Aorta-on-a-chip reveals impaired mitochondrial dynamics as a therapeutic target for aortic aneurysm in bicuspid aortic valve disease

Bicuspid aortic valve (BAV) is the most common congenital cardiovascular disease in general population and is frequently associated with the development of thoracic aortic aneurysm (TAA). There is no effective strategy to intervene with TAA progression due to an incomplete understanding of the pathogenesis. In this study, protein analyses of human aortic tissues showed the insufficient expression of NOTCH1 and impaired mitochondrial dynamics in BAV-TAA. To verify it, we constructed aorta-on-a-chip to replicate the rhythmic tensile on human aorta, on which human aortic smooth muscle cells (HAoSMCs) endured a microenvironment of biomimetic strain unattainable in animal models.
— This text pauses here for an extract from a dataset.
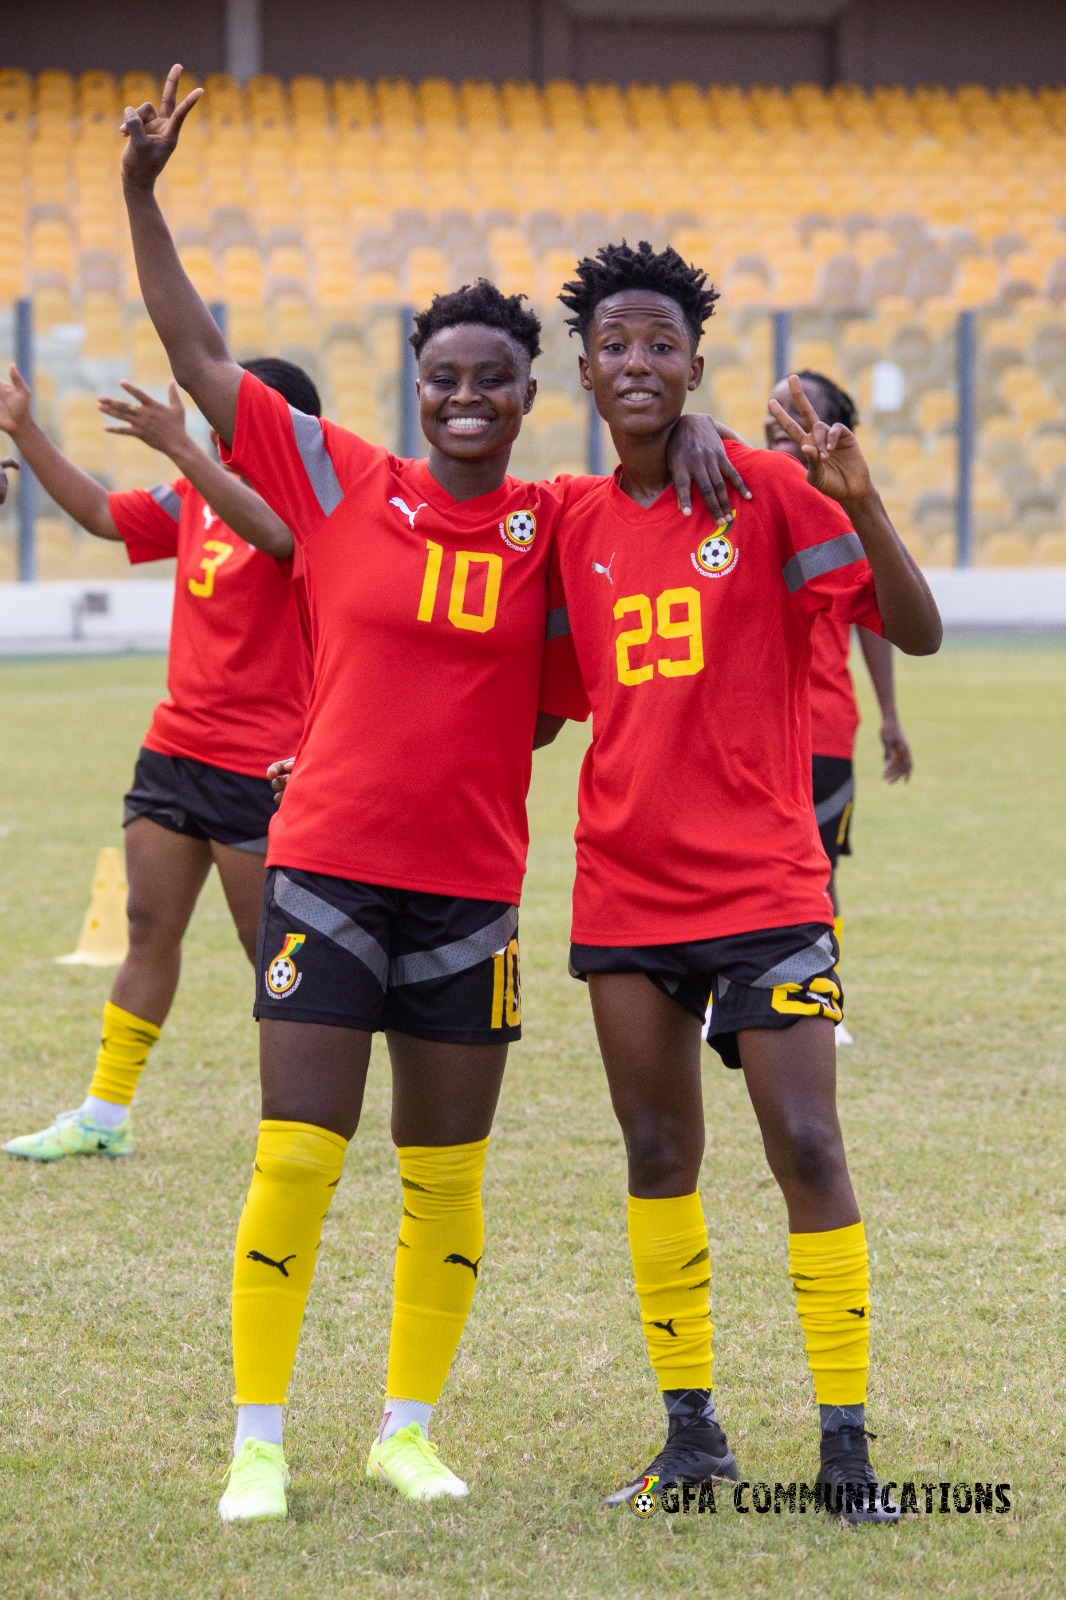 Black Queens face Lioness in another test match Tuesday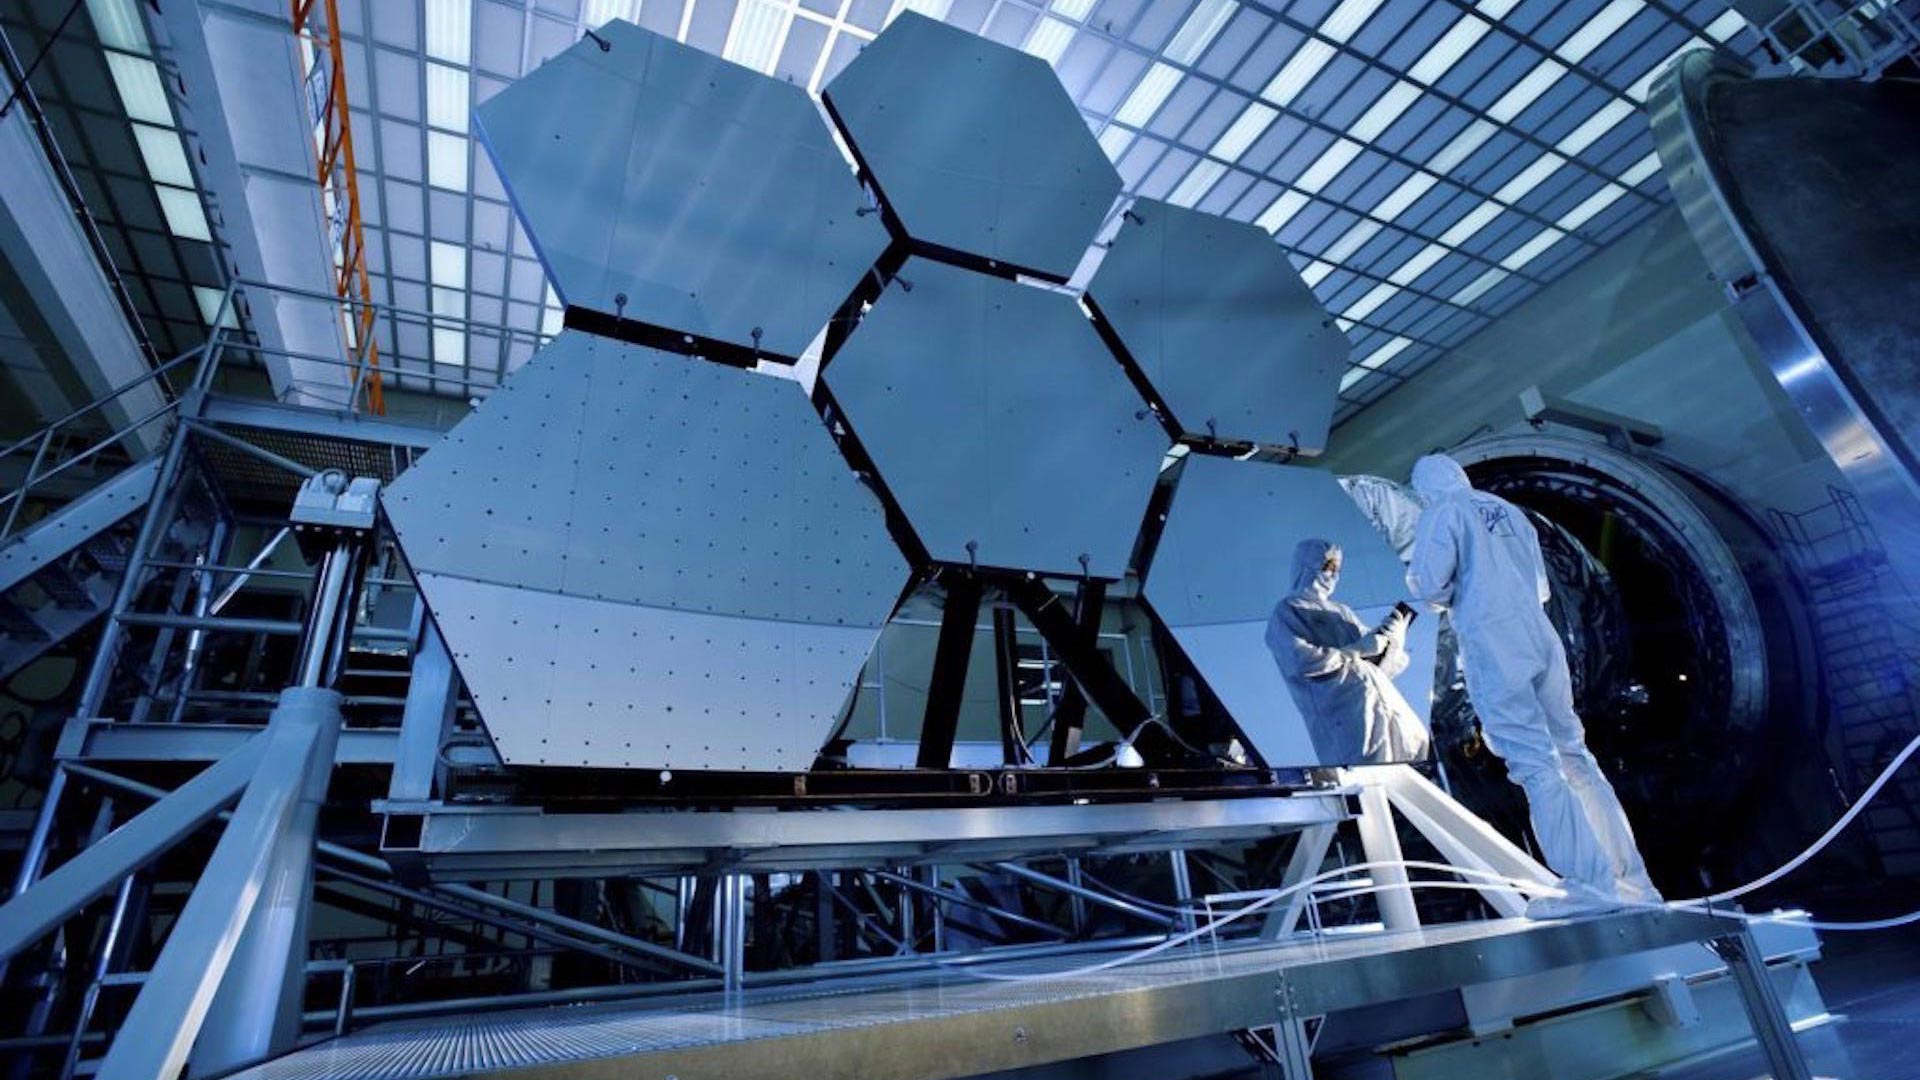 Optics for the James Webb Space Telescope underwent years of testing before preparation for launch.

HAoSMCs with NOTCH1-knockdown exhibited reduced contractile phenotype and were accompanied by attenuated mitochondrial fusion. Furthermore, we identified that mitochondrial fusion activators (leflunomide and teriflunomide) or mitochondrial fission inhibitor (Mdivi-1) rescued the mitochondrial dysfunction in HAoSMCs from BAV-TAA patients. These findings suggest that impaired mitochondrial dynamics could be a potential therapeutic target for BAV-TAA.